The debut album from the Queens crew is fiery and kinetic, mining the history of New York rap without coming up with much of anything new.
The Queens rap crew World’s Fair pride themselves on showcasing cultural diversity. The group’s members claim Puerto Rican, Dominican, Filipino, Jamaican, Jewish and Haitian heritages, a makeup that, along with the crew’s name, implicitly promises a global array of voices and perspectives. But while on paper World’s Fair have all the makings of a vibrant melting pot, in execution it’s more like a fondue, a homogenous porridge where the most interesting ingredients get buried and the dominant flavor note is always “New York.”
The crew’s regional roots aren’t the selling point they were five years ago, when they released their debut mixtape Bastards of the Party against the backdrop of a “New New York” hip-hop renaissance that’s since fizzled out.

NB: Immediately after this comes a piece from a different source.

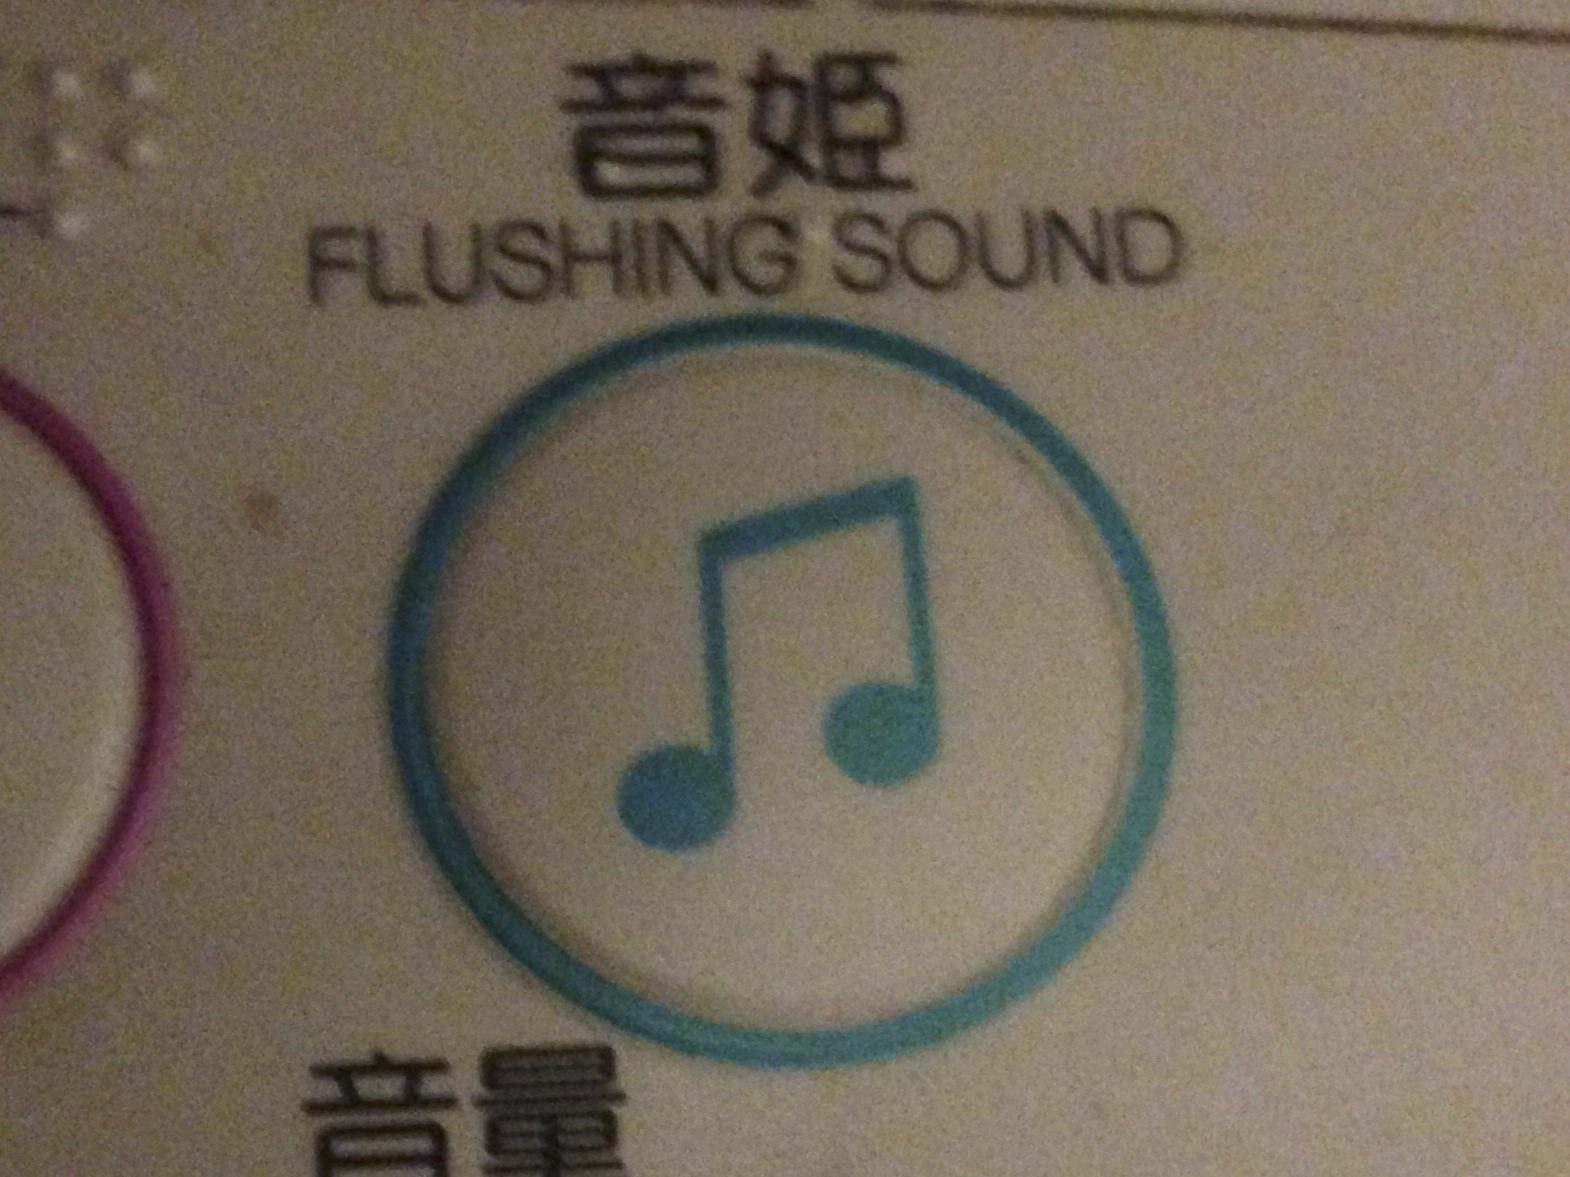 Flushing sound button

World’s Fair weren’t as overtly traditionalist as some of the more prominent acts from that movement (Joey Badass), nor were they as mold-shattering as the more exciting ones (Action Bronson, Flatbush Zombies, or A$AP Mob, to the extent they were ever really part of that scene). Their belated full-length debut New Lows finds them in the same stasis many of New York hip-hop’s true believers have been locked in for most of the new millennium: trying to grow something new from the seeds of some of the genre’s greatest music ever, with little to show for it.

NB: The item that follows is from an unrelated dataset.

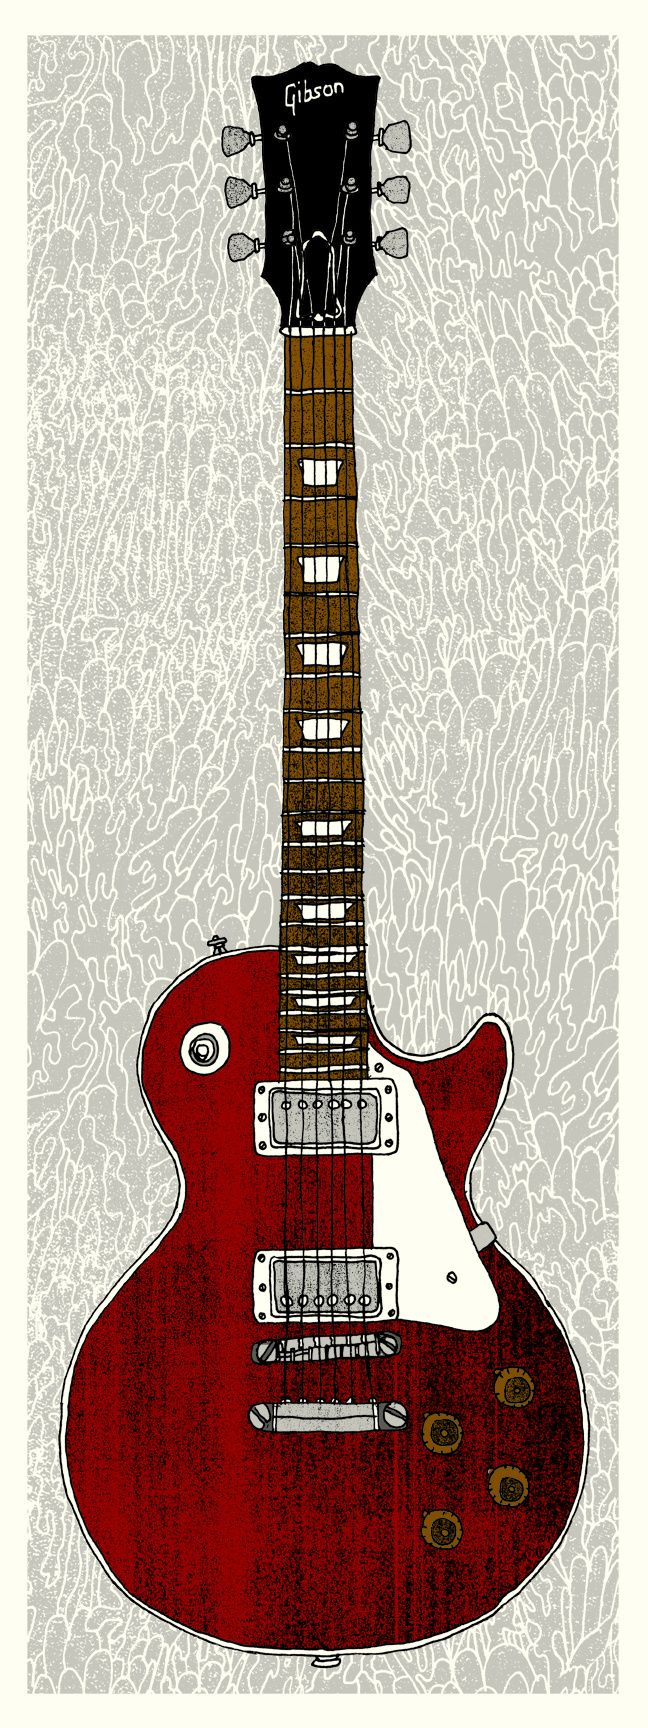 Gibson, guitar, electric guitar, Nate Duval

Sometimes they get by on sheer perspiration. New Lows plays out as a kinetic tour of the city’s bodegas, subway stops, and underground dice games, with adrenalized production designed to keep the crew firing fast. “Elvis’ Flowers (On My Grave)” spikes its breakbeats with jungle BPMs, while the booming drums of “Win4” bring to life the song’s accounts of how shit can hit the fan even on a routine trip to the corner store. The wilder the production, the more lasting the high: The tweaked-out synths of “Dundas Street West” bring out the most hyped-up performances from the group (as well as guest Freaky Franz, the rap alias of Turnstile bassist Franz Lyons). “Birdman,” meanwhile, charts the inhospitable middle ground between gnarly UK grime and the scorched-earth noise of vintage Def Jux.
So, at its best, New Lows re-energizes some familiar sounds. But the crew’s producers can only carry so much weight, and they can’t disguise how little World’s Fairs rappers bring to the table. It’s a trap too many New York traditionalists fall into: They rap forcefully but with little nuance or personality. While rappers around the rest of the country swing for the fences with daring deliveries—not just rhyming but belting, serenading, and exploring—most of World’s Fair’s primary lyricists default to the city’s usual hard-spitting preset, rapping as if smacking a camera lens in an imagined music video. It’s a rigid, outdated notion of hard, and with each verse they run it a little further in the ground.
With such a full bench, you’d expect that at least one of the rappers in World’s Fair would rise to the challenge to standout. The big selling point of a rap crew is more bang for your buck: You get to hear a multitude of ideas and personas. But compared to a collective like Brockhampton, where each member brings his own set of convictions, anxieties, and passions, World’s Fair’s rappers are largely interchangeable, distinguishable mostly by the pitch of their voice. In a sense, they’ve been failed by their shared muse: They spend so much of New Lows riding for their city, its heritage, and its way of life that they forget to say all that much about themselves.